Clever techniques for ranking and matching does not a machine learning system make.
What if products and users are similar or dissimilar in a way your very creative feature engineering process didn’t account for? What if you’re not capturing the really crucial information about your users that would let you neatly segment them to boost your sales?
There’s probably as many answers to this as there are people who’ve implemented recommender systems. And they’re probably all good answers. From recursive feature elimination to backtesting your solutions with different random subsets of features.
My personal favourite (and the simplest) is to keep track of how well each recommendation source performs and penalise it when it doesn’t convert the way you’d expect.
What this means is, if you’re initial feature engineering was no good, the recommendations will likely take some time to come up to scratch (though hopefully a lot quicker than if you started with random recommendations!)
However, if you’re head, heart and gut were all in the right place when you were designing your features, you’ll quickly get a system that knows what to recommend based on both the metrics that seemed important to you, a squishy human, augmented by real-life examples taken into account by the computer.
Both of these are great options if, right now, how you generate recommendation can best be described as borderline-suspect. However, if you need excellent recommendation and you need them quickly, it’s probably worth going back to the feature drawing board first.
Implementing a Recommender System
So, is that it? A few Python scripts, some tables in a database, and maybe some industrial-strength compute to compare each product with every other?

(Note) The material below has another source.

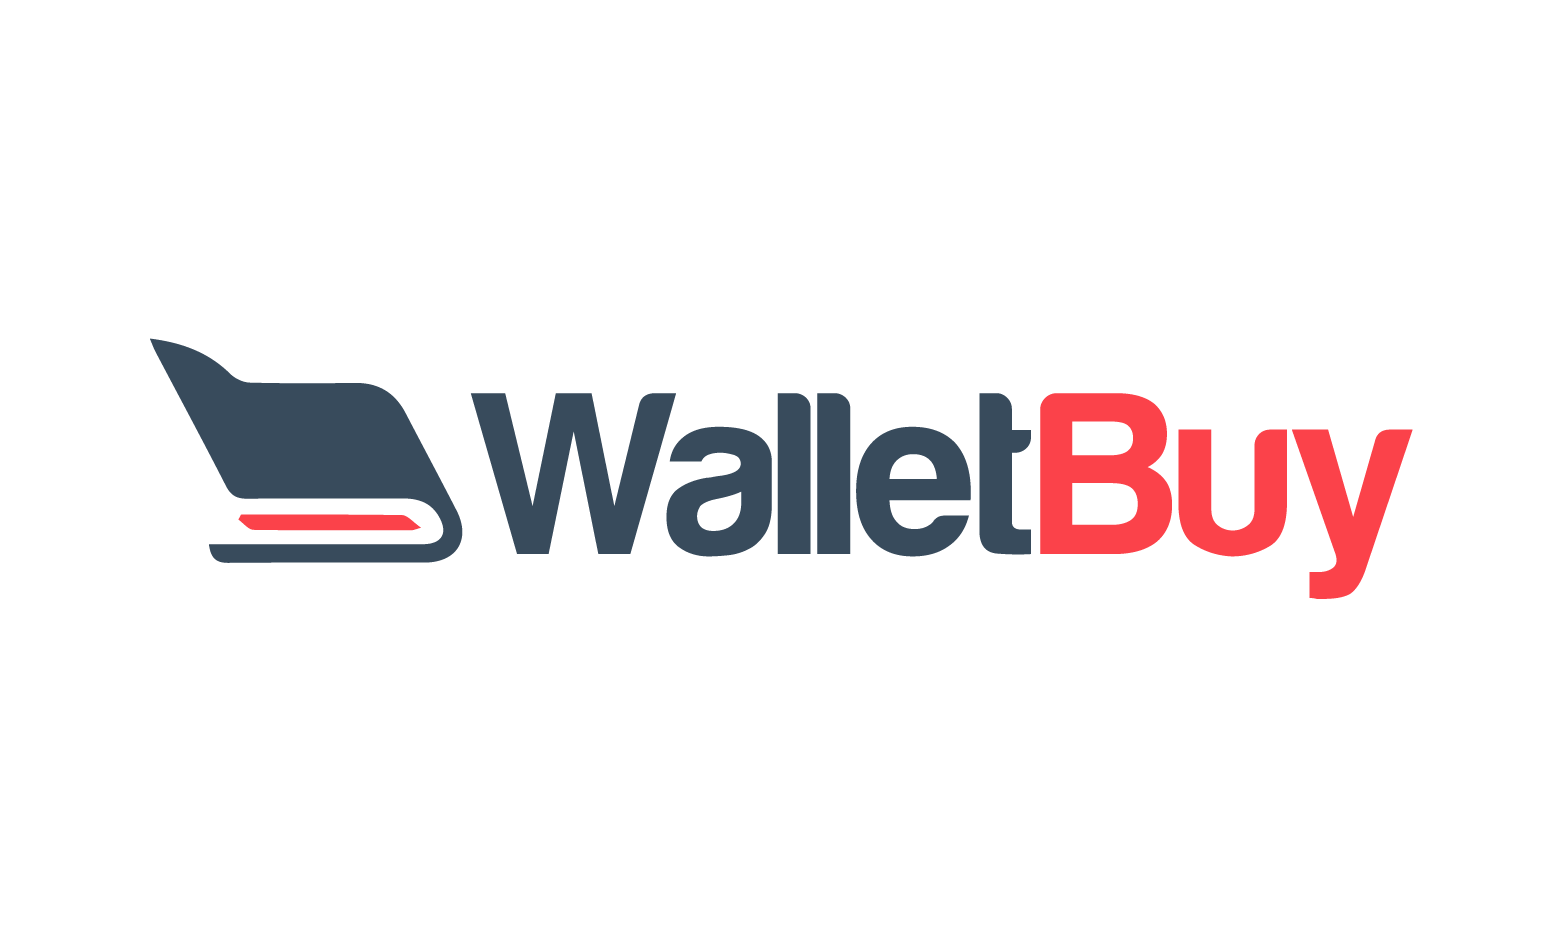 WalletBuy.com - Creative brandable domain for sale

Well, yes and no. It’s true that you don’t need a lot to get started generating better recommendations, but there’s also versions of these systems that will keep data engineers busy for months.
If you do have millions of products and billions of customers, generating the cosine similarities will take a long time.

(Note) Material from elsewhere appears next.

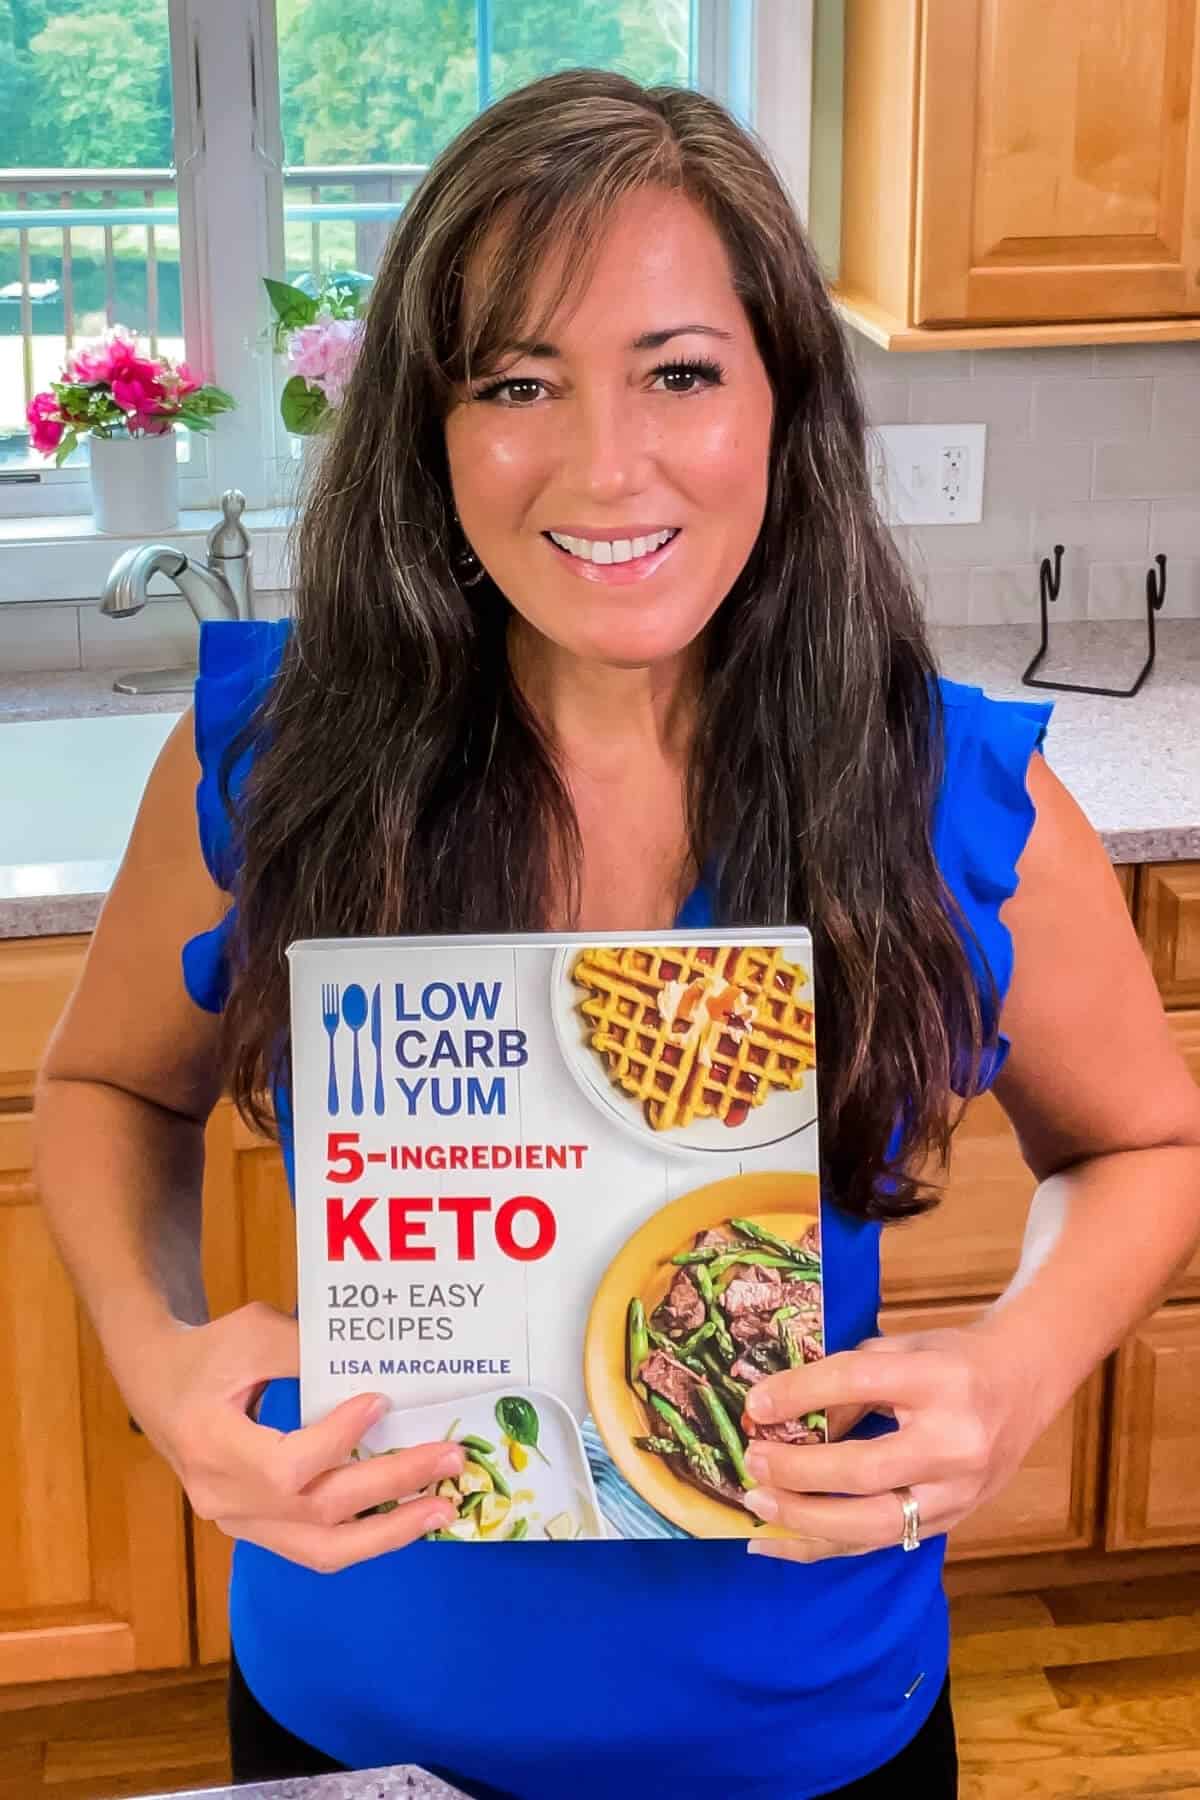 lisa in kitchen with low carb yum 5-ingredient keto cookbook

And even ranking all of your products across all of your important metrics isn’t the kind of thing that you can do on the fly.
Some thought has to go into the architecture of the these systems, how they interact, and how you actually serve recommendations to your customers so they aren’t stuck watching spinny-wheel when they’re desperately looking for similar products.
And the whole API-based system gets even more complex when you want to track recommendations and their conversions for penalising the poor performers and learning the good ones.
But these are all solvable problems.
Combine the techniques discussed in this article with good ETL practices, nightly re-training and some cascading (I suggest Collaborative Filtering -> Product Similarity ->Ranking) for when things go wrong, and you’re on your way to increasing sales, engagement time, views, reads, likes, clicks and whatever else matters to your business.